En 2010, M. Louboutin enregistrait sa marque au Benelux pour la classe « chaussures », puis, à compter de 2013, pour la classe « chaussures à talons hauts ». Cette marque est décrite comme consistant « en la couleur rouge (Pantone 18-1663TP) appliquée sur la semelle d’une chaussure telle que représentée (le contour de la chaussure ne fait pas partie de la marque mais a pour but de mettre en évidence l’emplacement de la marque) ».

LOULOU et BOUTIN : Méfiez-vous des contrefaçons ! (CJUE - C-163/16 - 12 juin 2018)

Le 27 mai 2013, M. Christian Louboutin saisissait le tribunal de La Haye (Pays-Bas) d’une action en contrefaçon  à l’encontre de la société Van Haren, au sujet de la vente par cette dernière d’un escarpin à semelle rouge "5th Avenue by Halle Berry".

Le 17 juillet 2013, la juridiction néerlandaise rendait un jugement par défaut, par lequel elle faisait partiellement droit aux demandes de Christian Louboutin. 

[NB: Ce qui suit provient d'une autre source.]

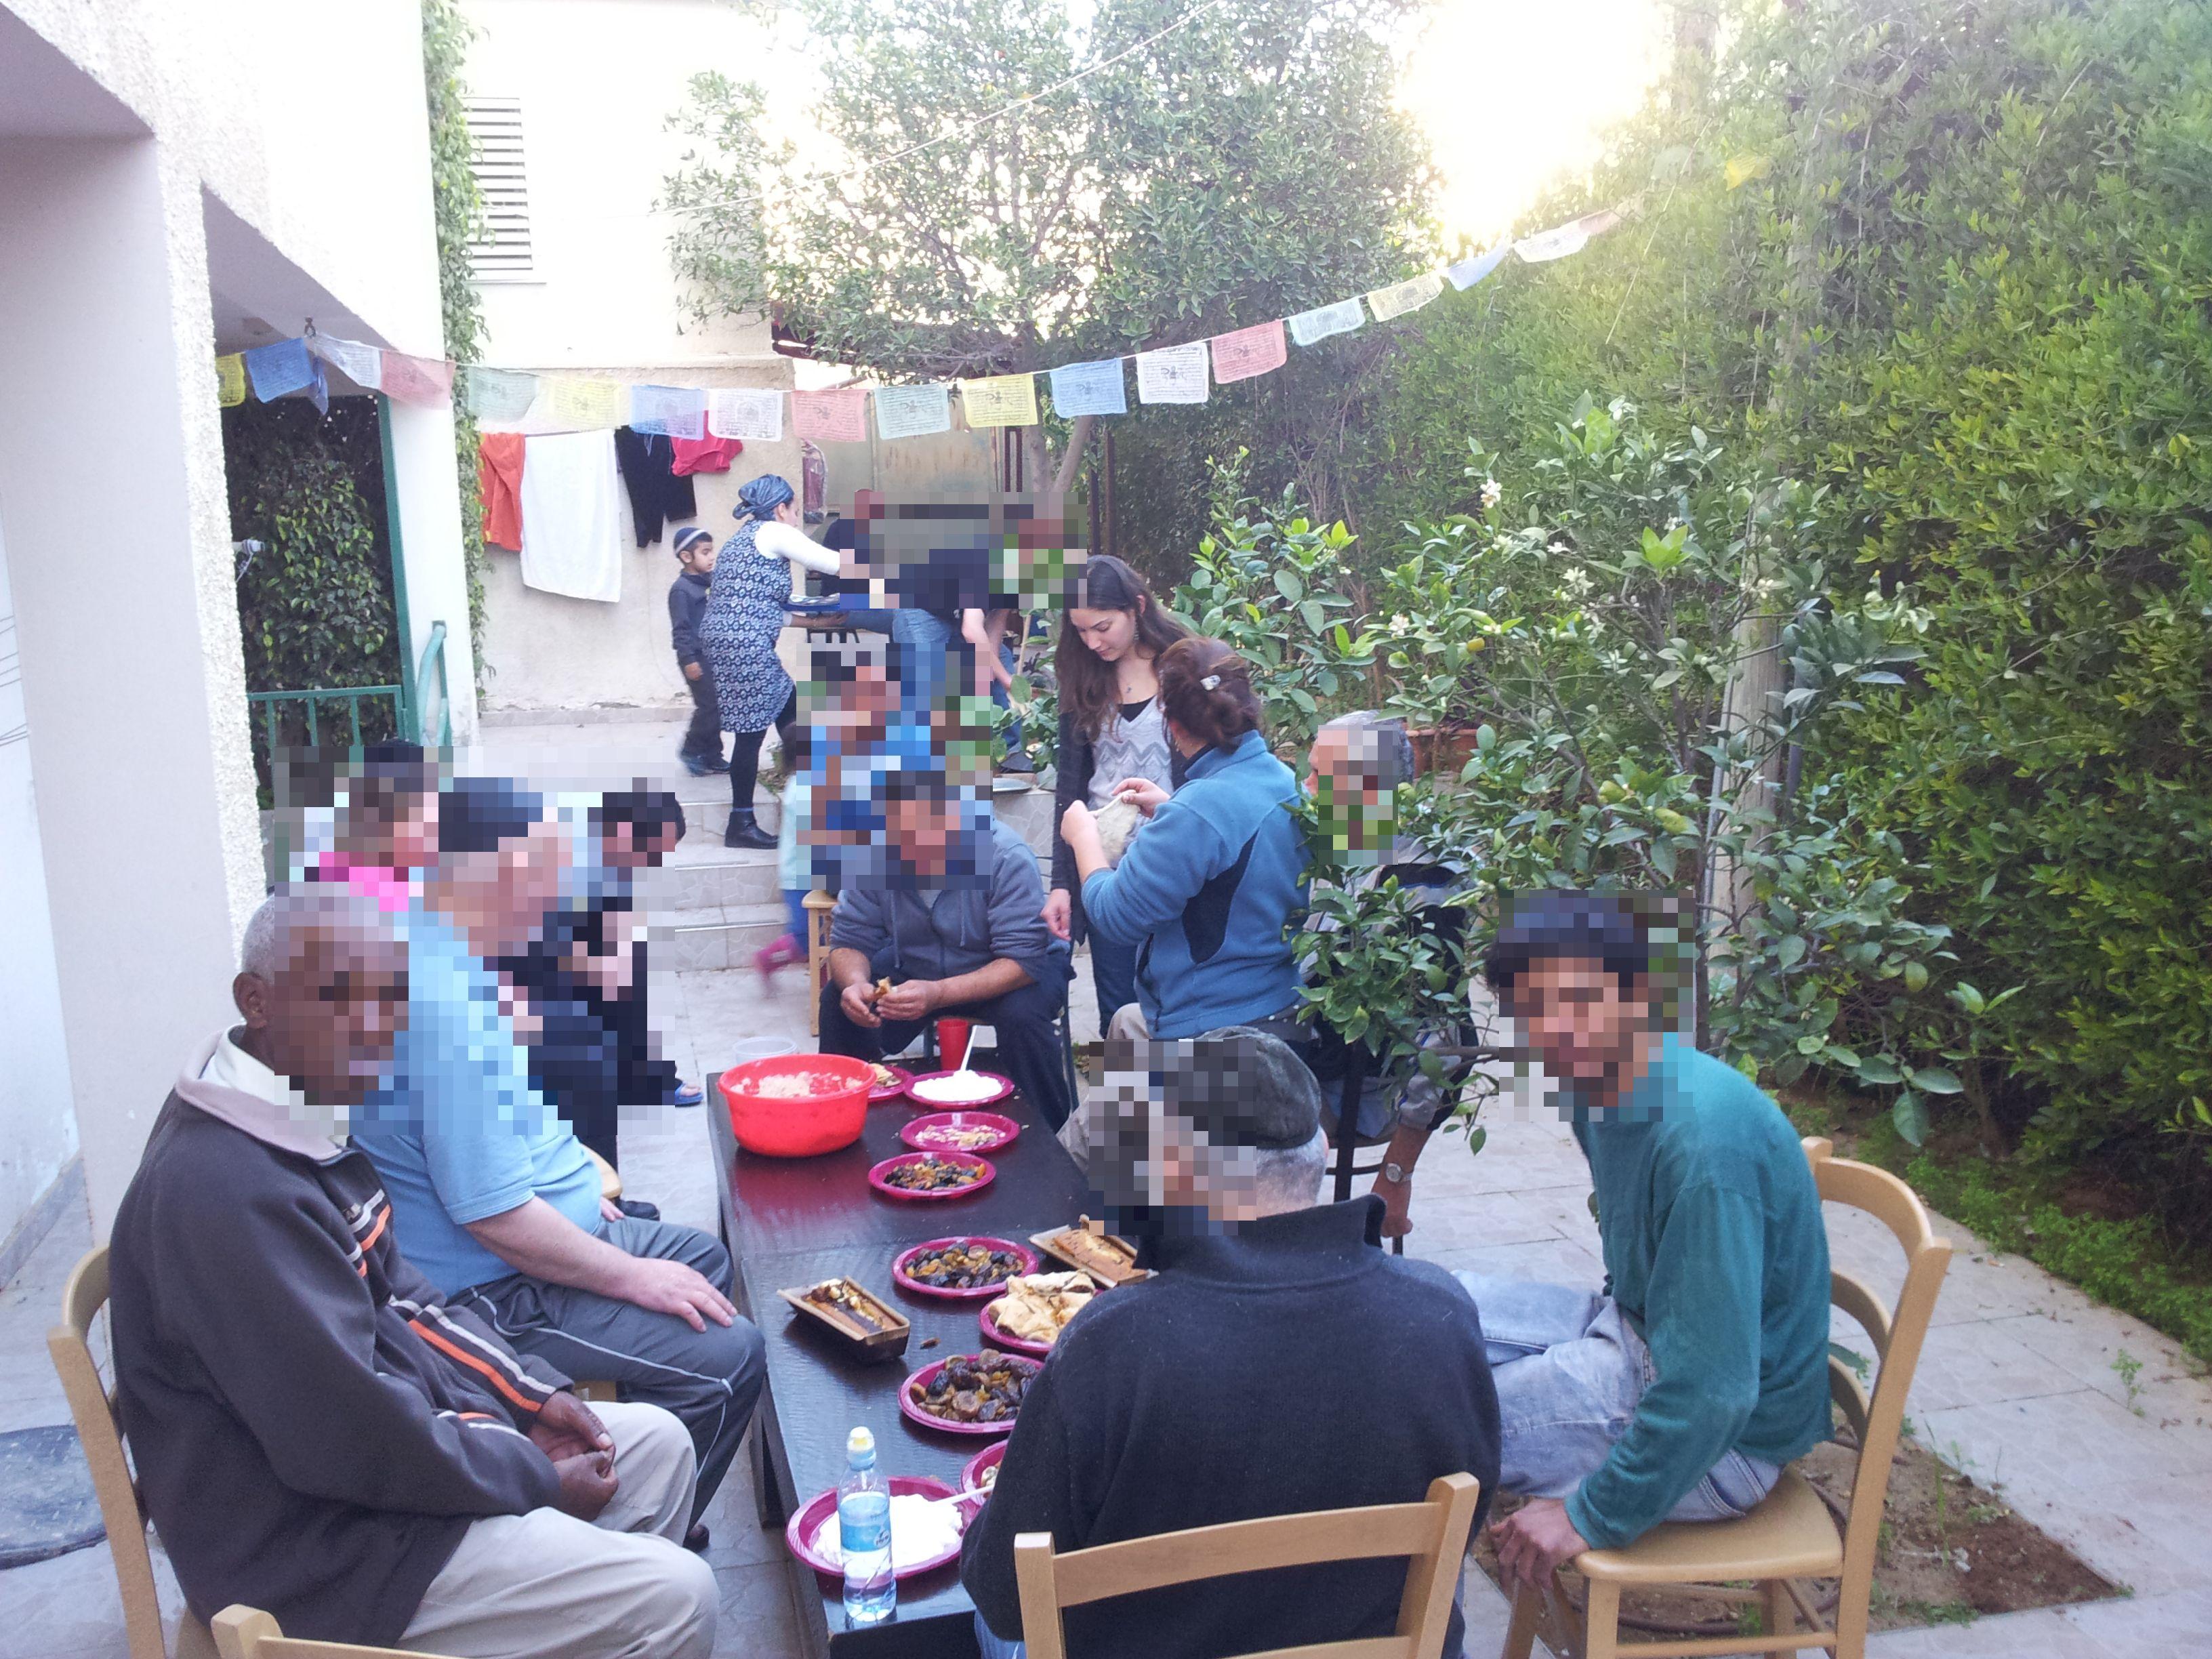 יום גינון וציון טו בשבט- הוסטל בית מרחבים (3)

La société Van Haren formait par suite opposition, en faisant valoir, sur le fondement de l’article 2.1, paragraphe 2, de la Convention Benelux, que la marque litigieuse était nulle. Selon Van Haren, cette marque est une marque figurative bidimensionnelle, à savoir une surface de couleur rouge, qui ne pourrait donc pas être protégée.  

En 2015, le Tribunal de district de La Haye, pour répondre à la demande en nullité, s’interrogeait ainsi sur le fait de savoir si, selon la Directive de l’Union sur les marques, la notion de « forme » devait s’entendre limitée aux seules caractéristiques tridimensionnelles d’un produit (soit les contours, la dimension et le volume) ou si elle visait également d’autres caractéristiques, comme la couleur.


C'est en cet état qu'était saisie la CJUE.


Le 12 juin 2018, la Cour de Justice des Communautés Européennes tranche ainsi en faveur de la marque protégée.

La Cour considère qu’en l’absence de toute définition dans la Directive de la notion de « forme », la détermination de la signification de ce terme doit être établie conformément au sens habituel de celui-ci dans le langage courant.

La CJUE estime donc qu’un signe ne saurait être considéré comme étant exclusivement constitué par la forme lorsqu’en l’occurrence, l’objet principal de ce signe est une couleur précisée au moyen d’un code d’identification internationalement reconnu.

Cette décision européenne confirme la validité de la marque de Christian Louboutin, et par voie de conséquence, considère la semelle rouge comme la marque exclusive du créateur.